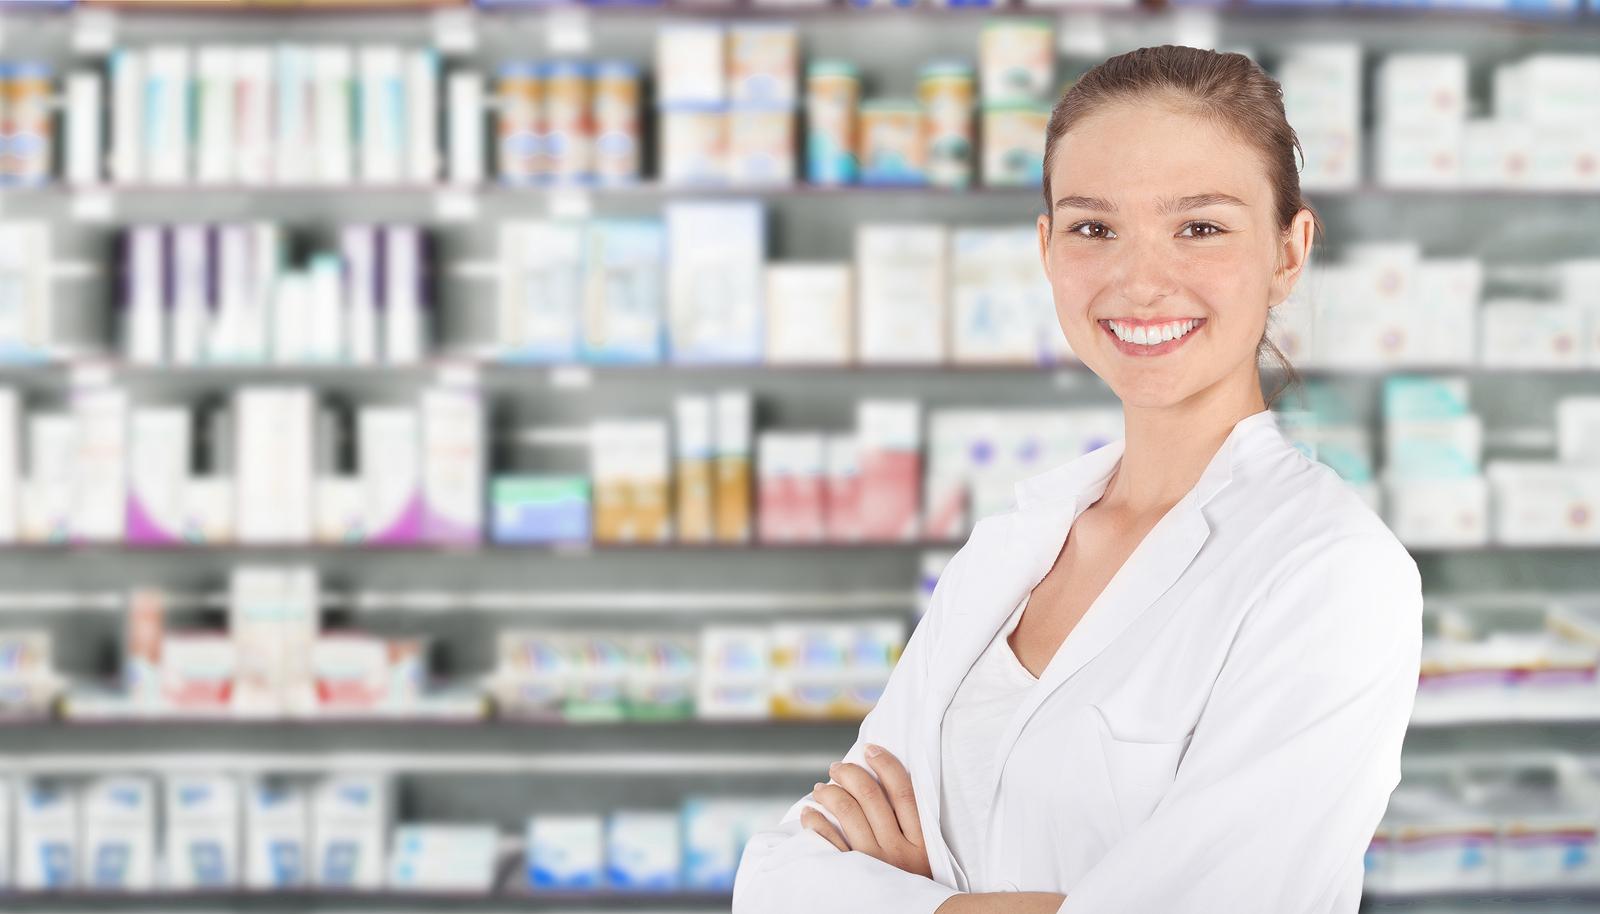 Free Test Prep For The Ptcb Pharmacy Technician Certification Exam
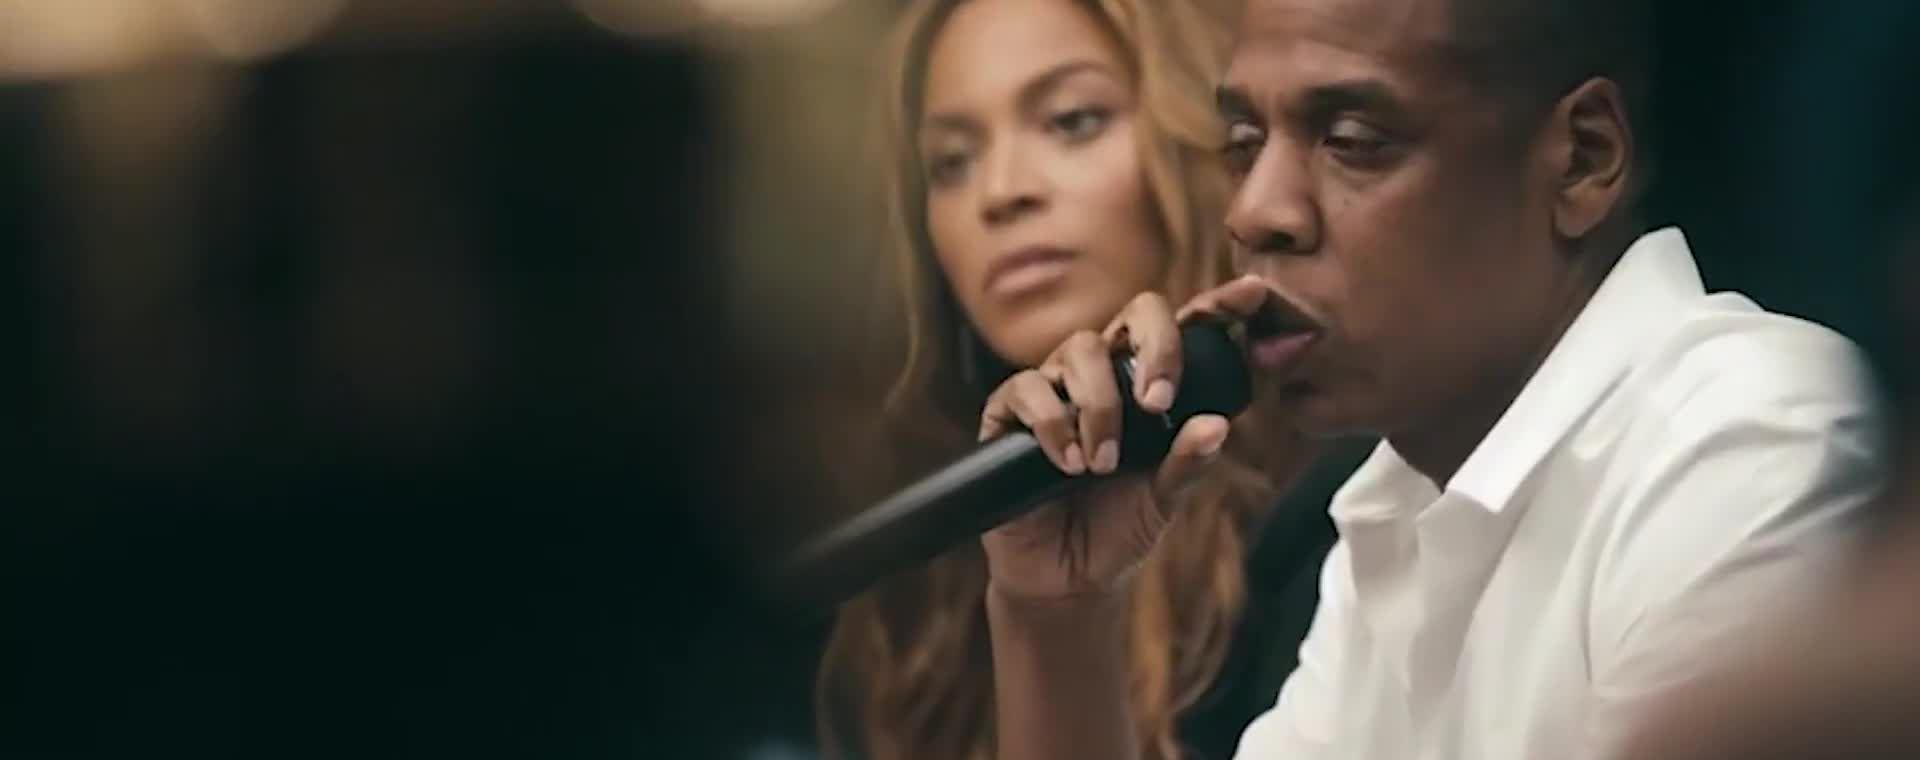 BITIMAG 23/08/2020 Beyonce & Jay Z Livin the Life
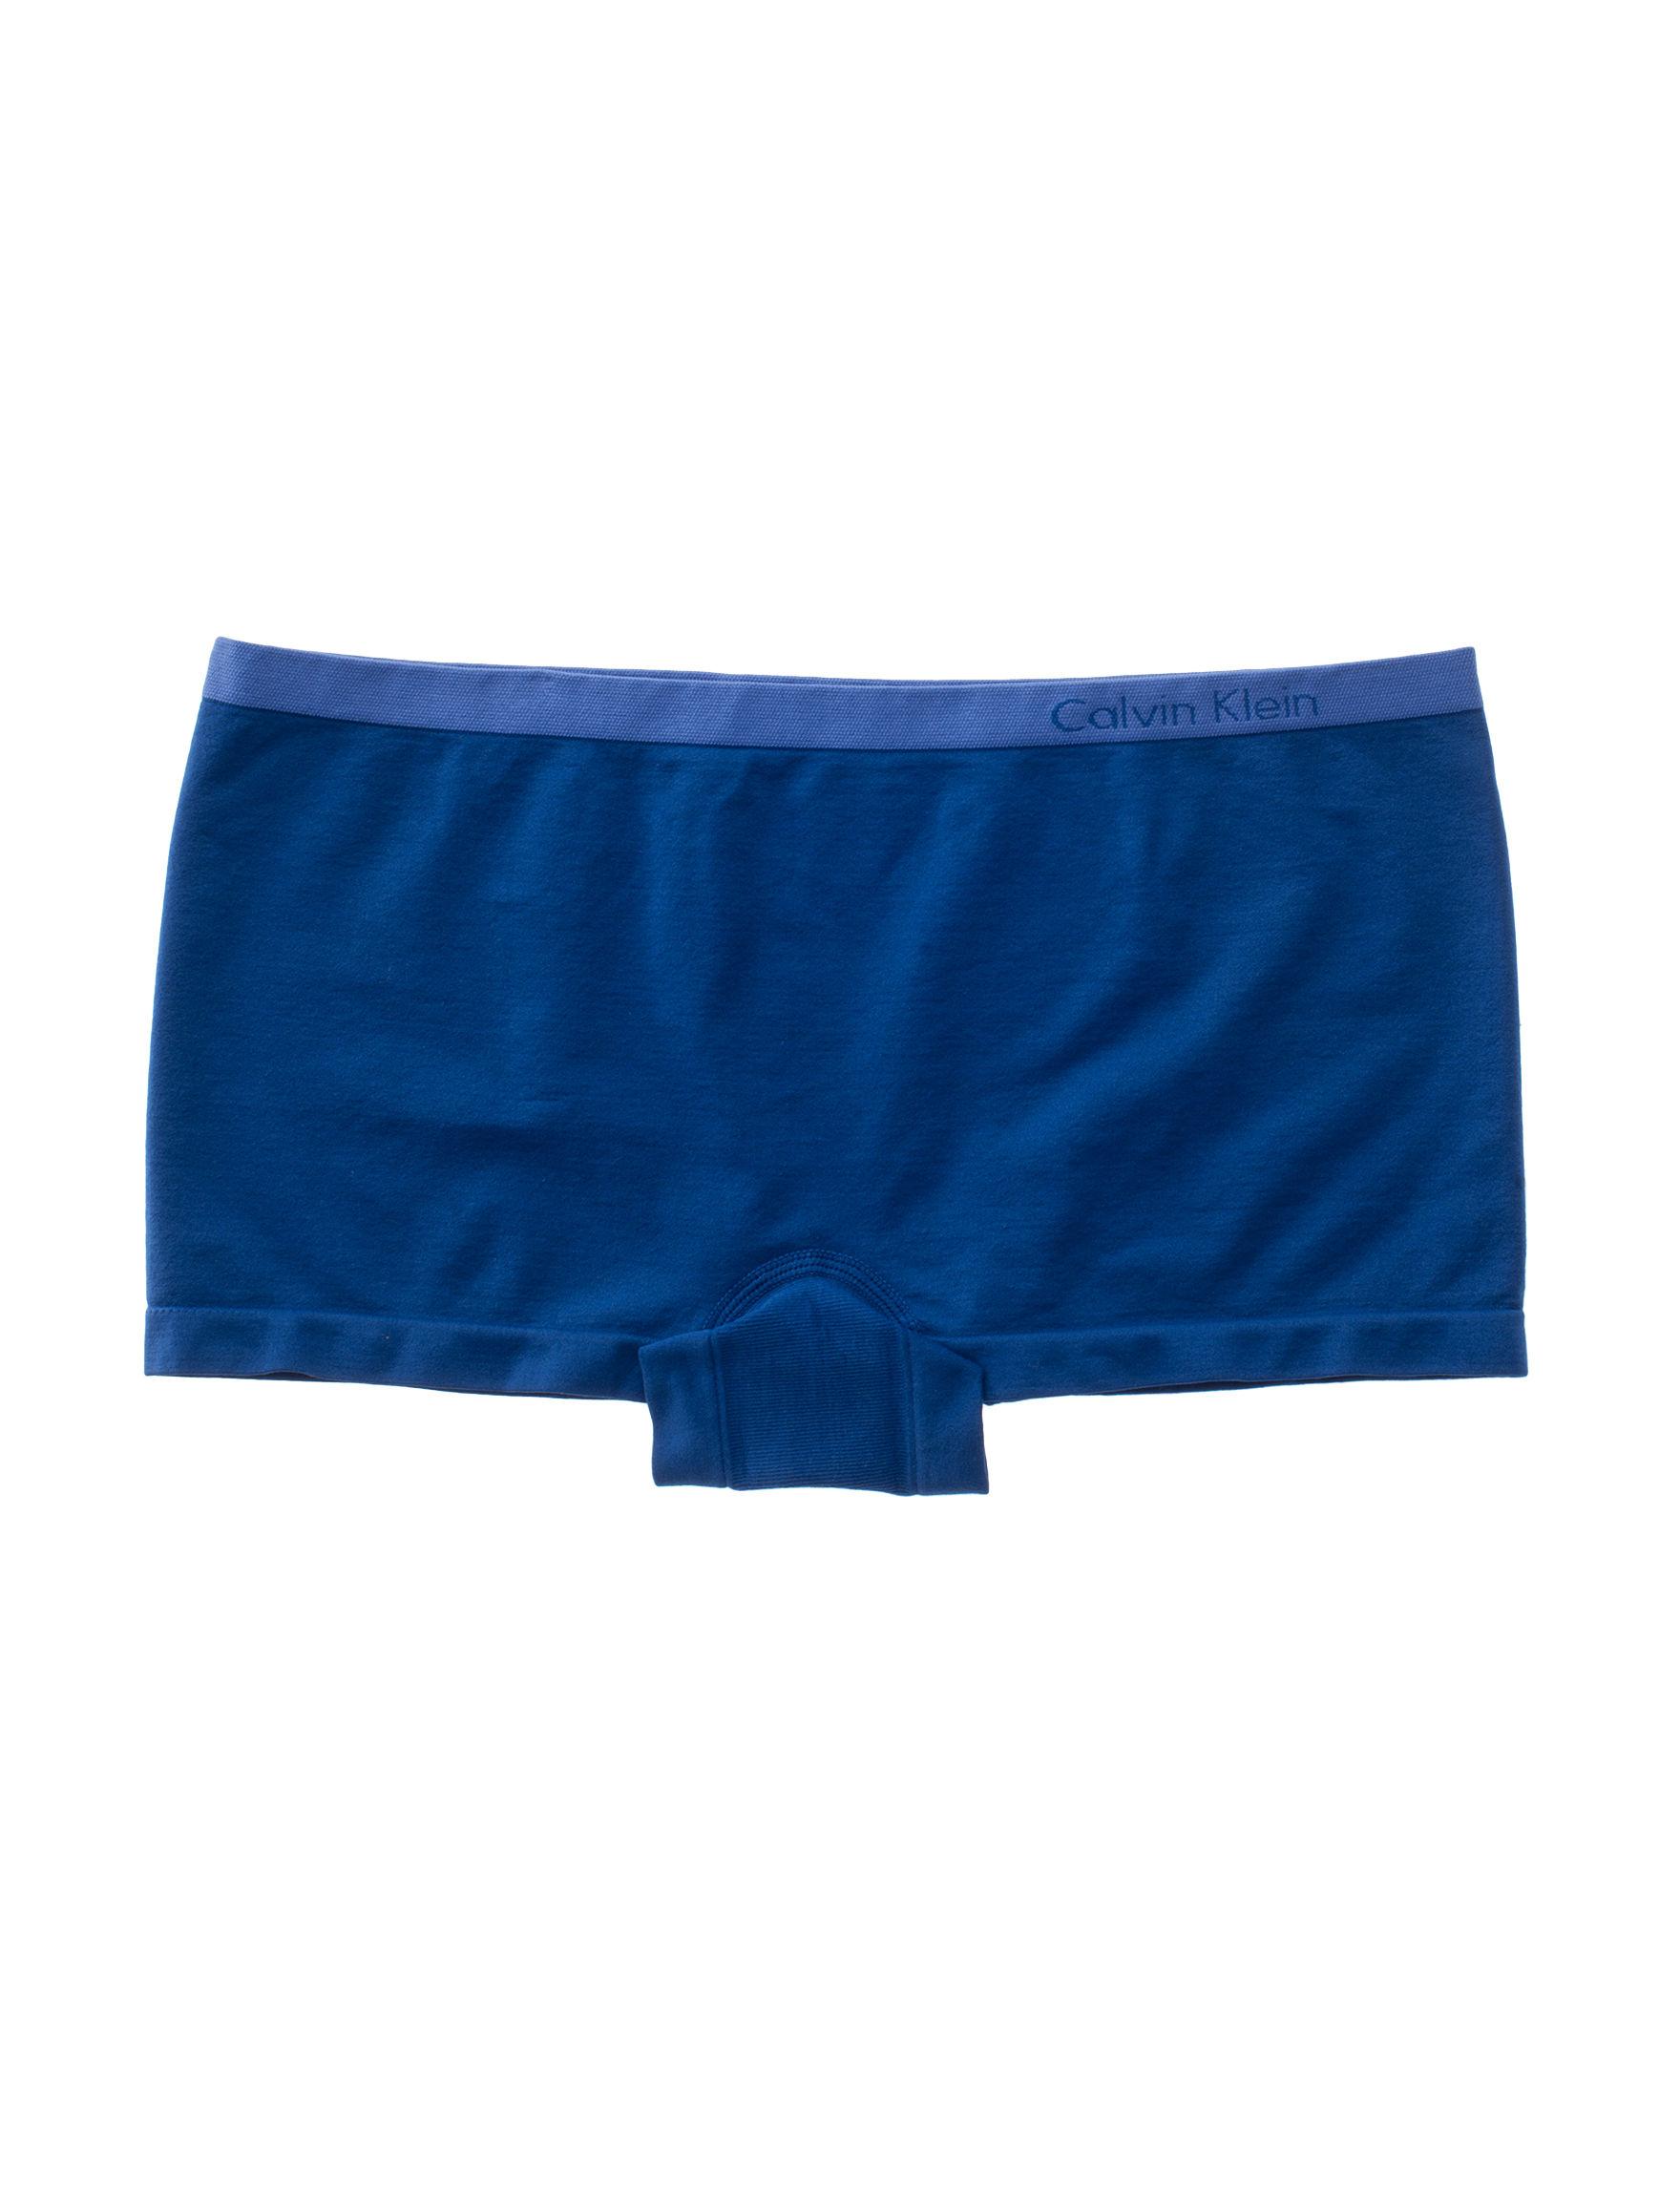 Calvin Klein Blue Panties

_ _ _

Copy out the full material exactly. Pictures should not appear in it.

 Free Test Prep For The Ptcb Pharmacy Technician Certification Exam
 BITIMAG 23/08/2020 Beyonce & Jay Z Livin the Life
 Calvin Klein Blue Panties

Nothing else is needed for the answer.